DATA SECTION:

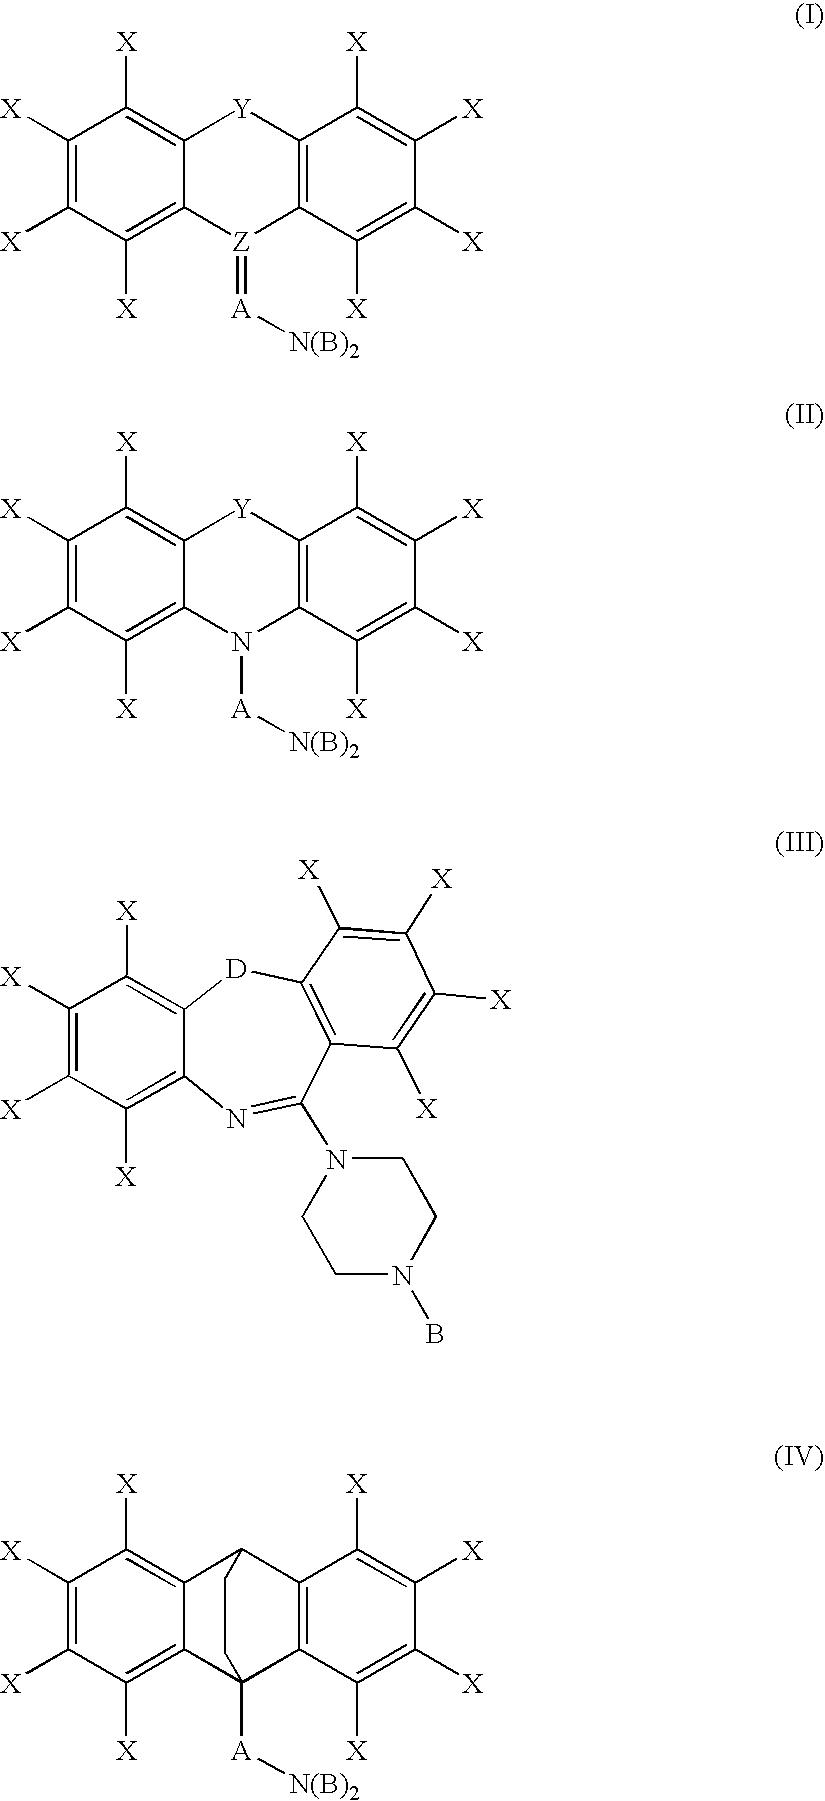 Figure US20070299043A1-20071227-C00018
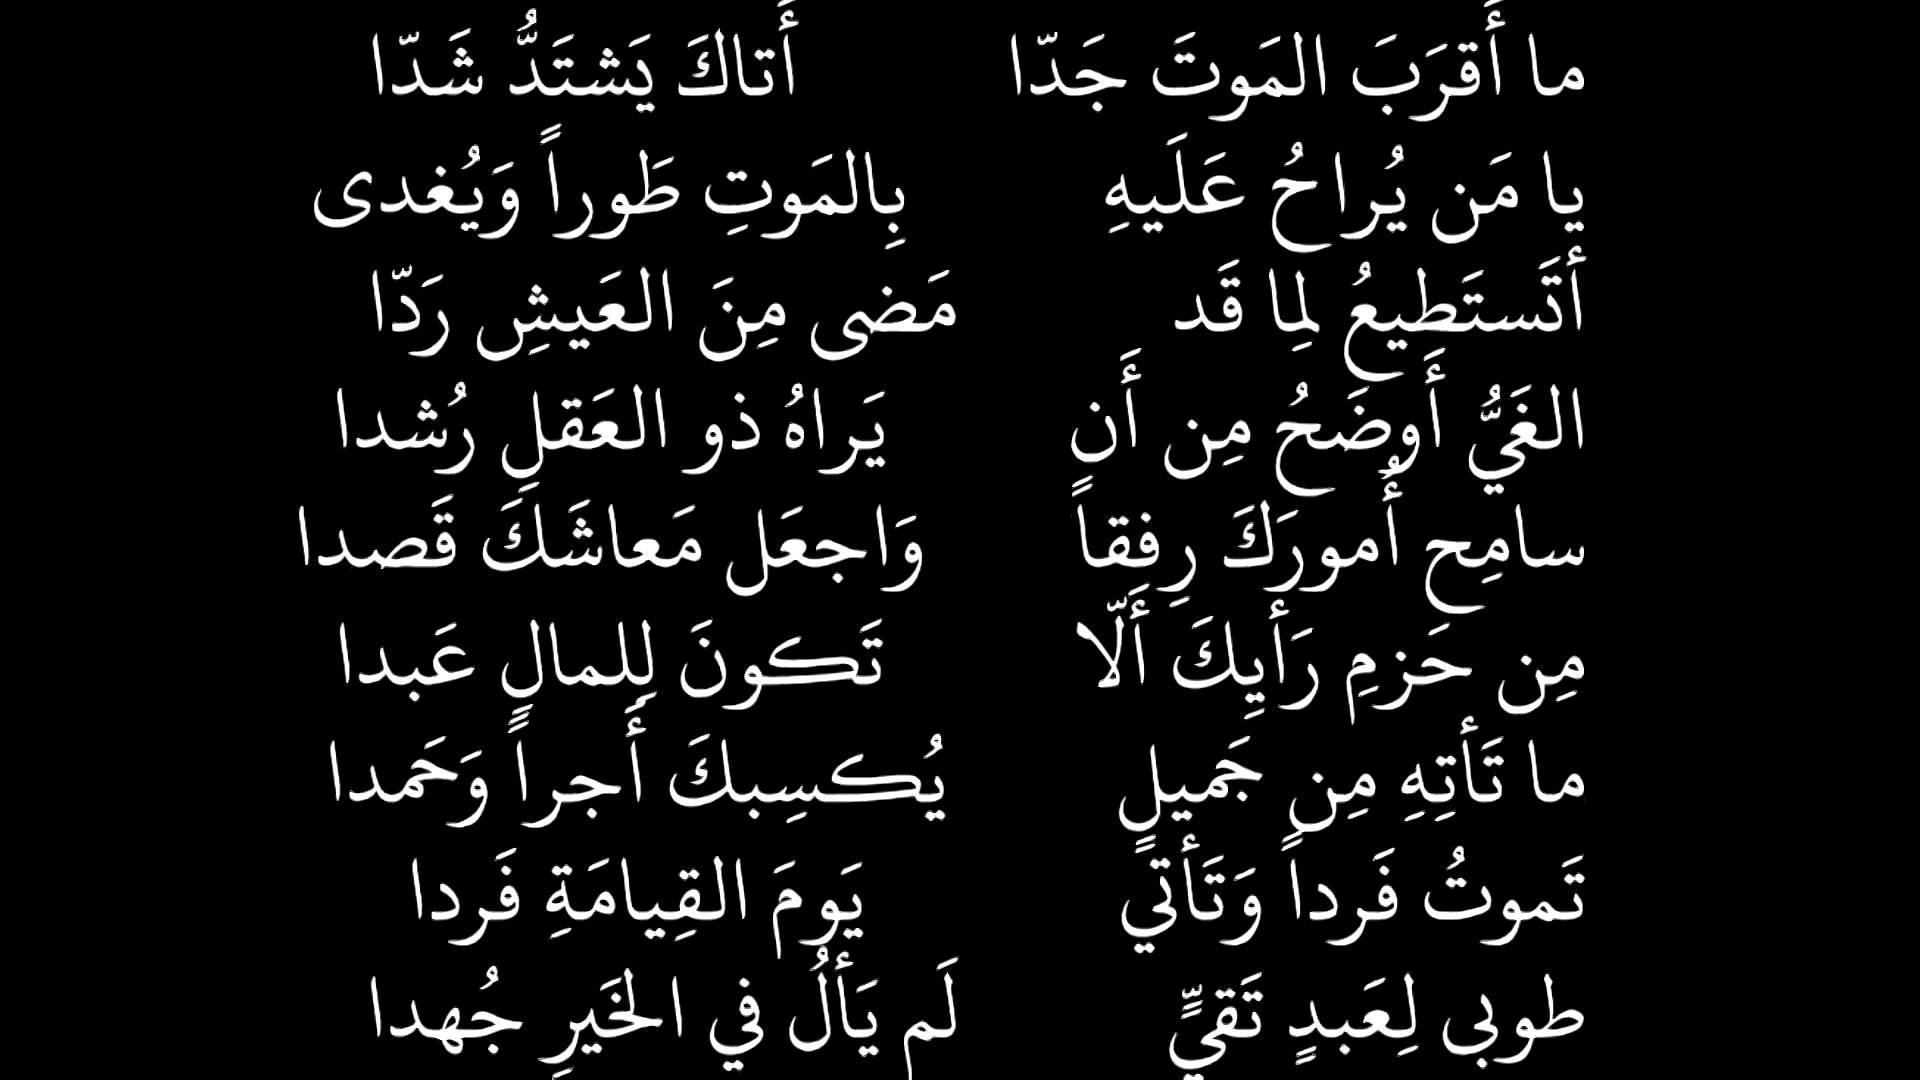 اشعار عربية حزينة
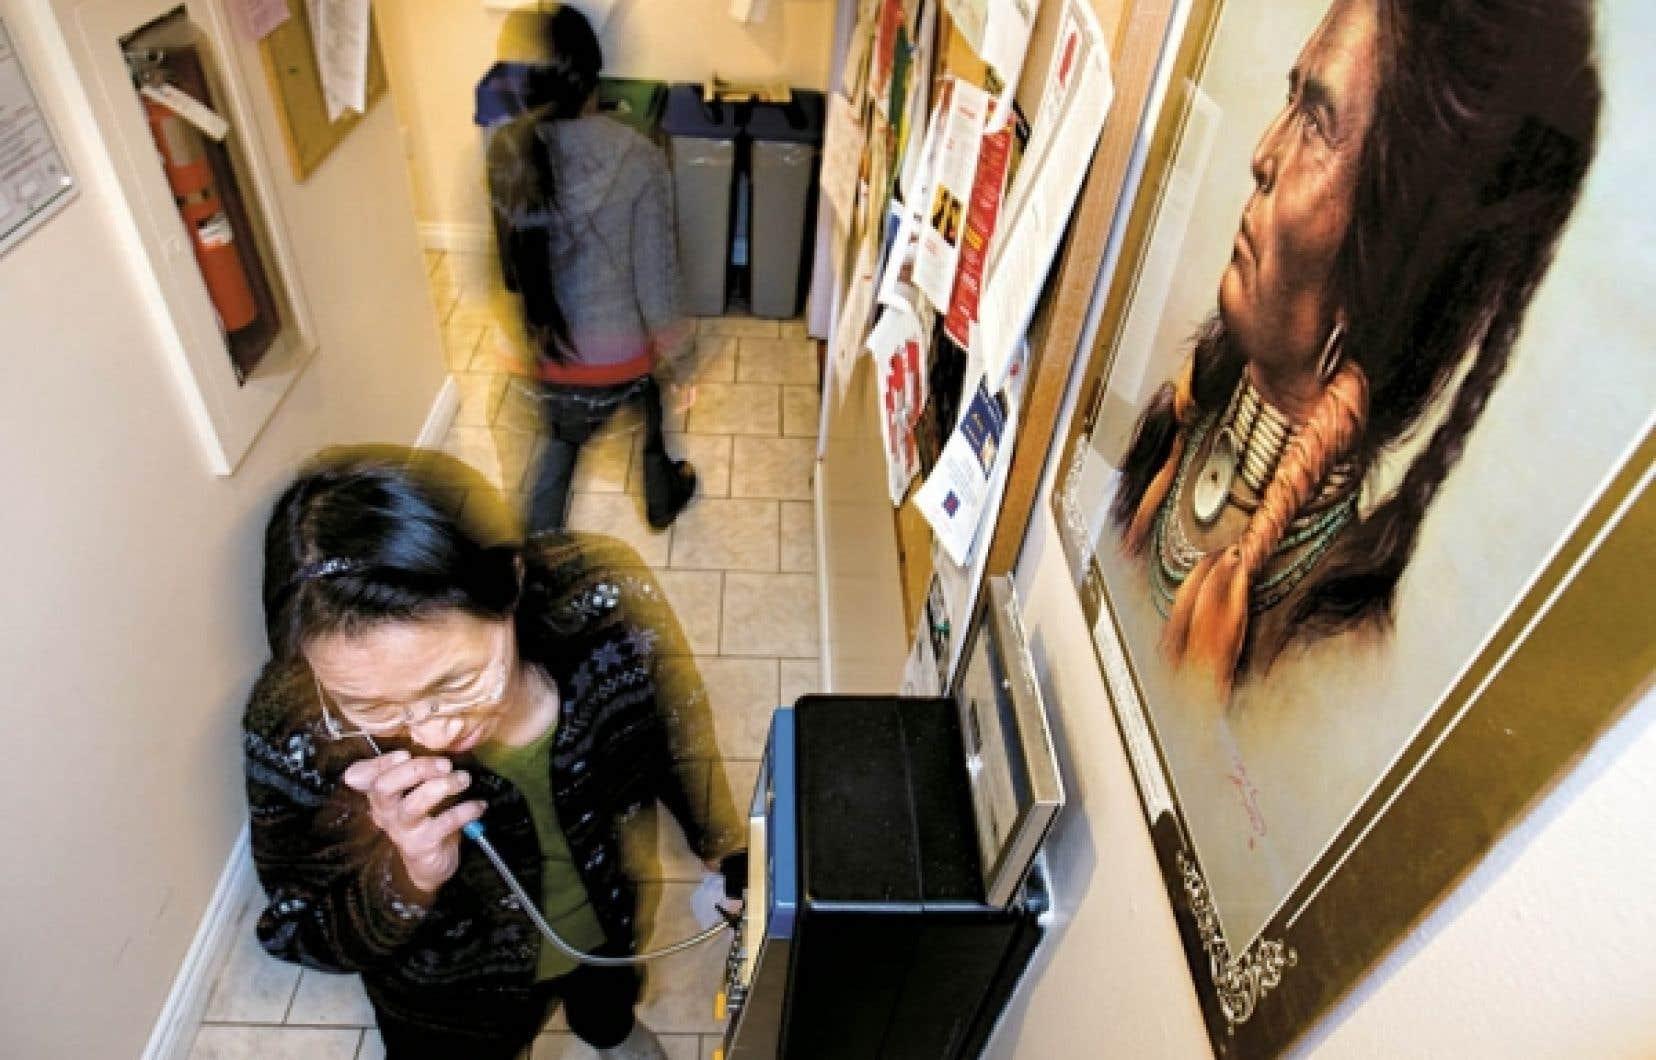 Refuge pour femmes inuites à Montréal. À une discrimination systémique dont sont victimes les Premiers Peuples s'ajoute une discrimination sourde à l'égard des autochtones, que ce soit dans les lieux de travail, dans le logement, dans les commerces, etc.<br />
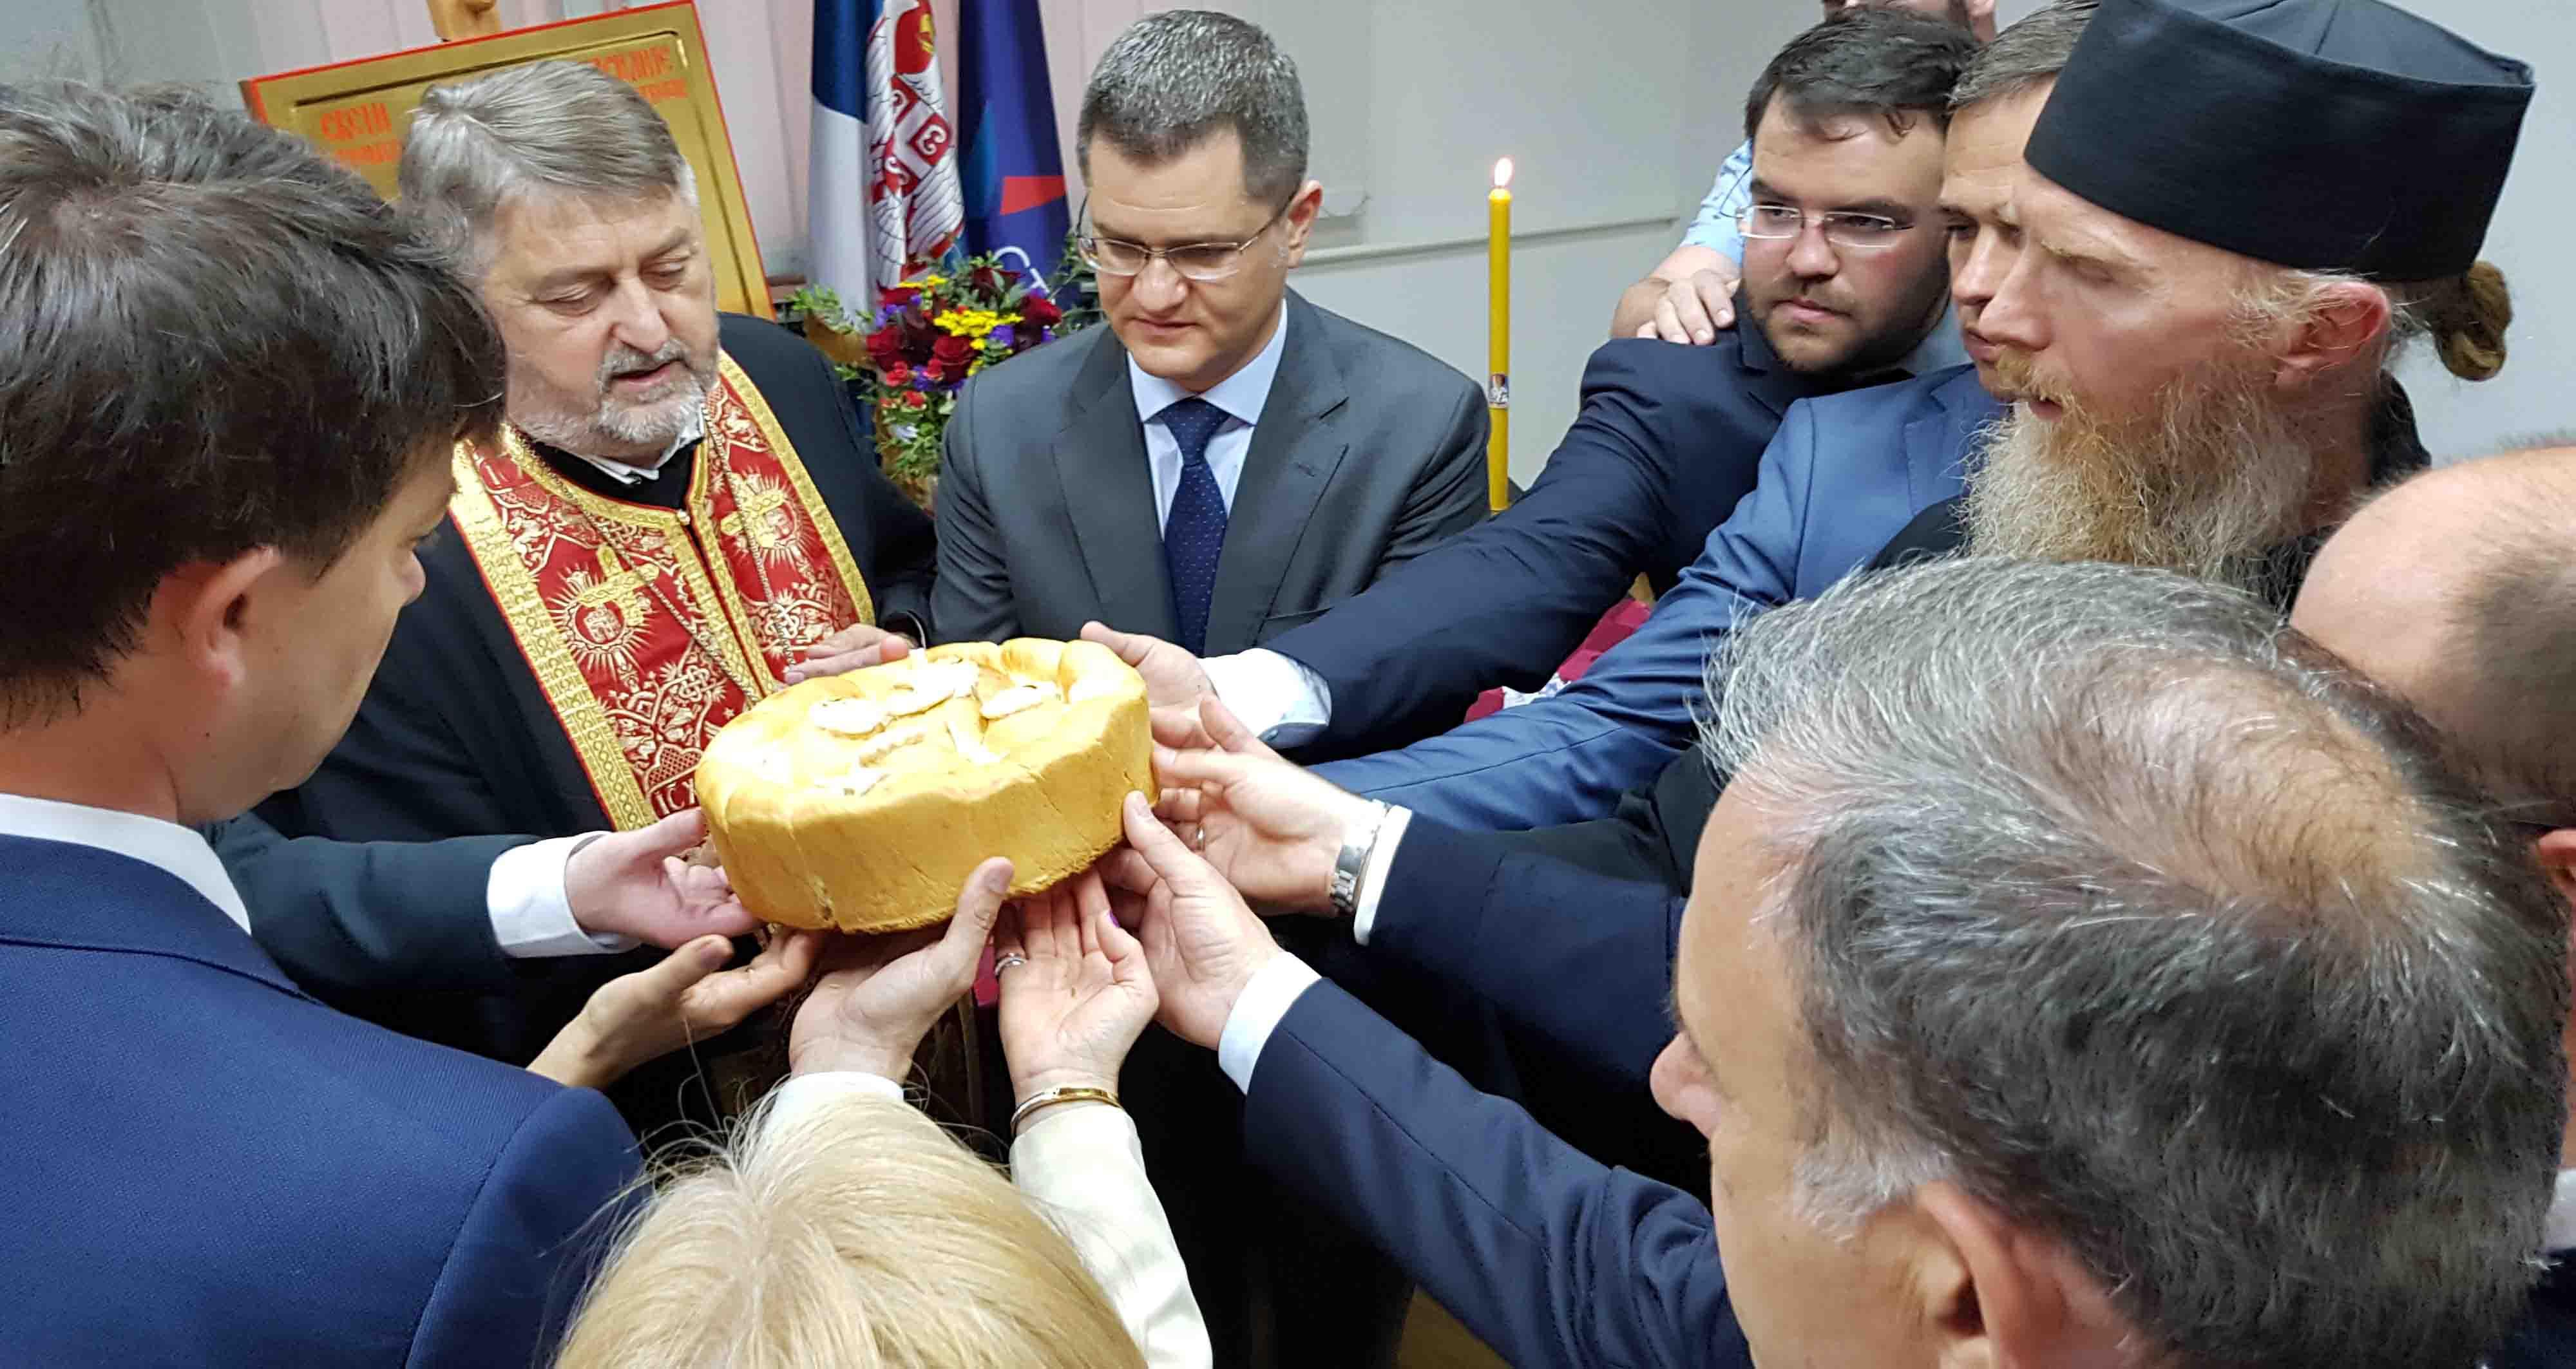 Народна странка прославила славу Светог Василија Острошког Чудотворца

WHAT YOU SHOULD DO:
Without including any picture, output all the material exactly as it appears.

RESPONSE:
 Figure US20070299043A1-20071227-C00018
 اشعار عربية حزينة
 Refuge pour femmes inuites à Montréal. À une discrimination systémique dont sont victimes les Premiers Peuples s'ajoute une discrimination sourde à l'égard des autochtones, que ce soit dans les lieux de travail, dans le logement, dans les commerces, etc.<br />
 Народна странка прославила славу Светог Василија Острошког Чудотворца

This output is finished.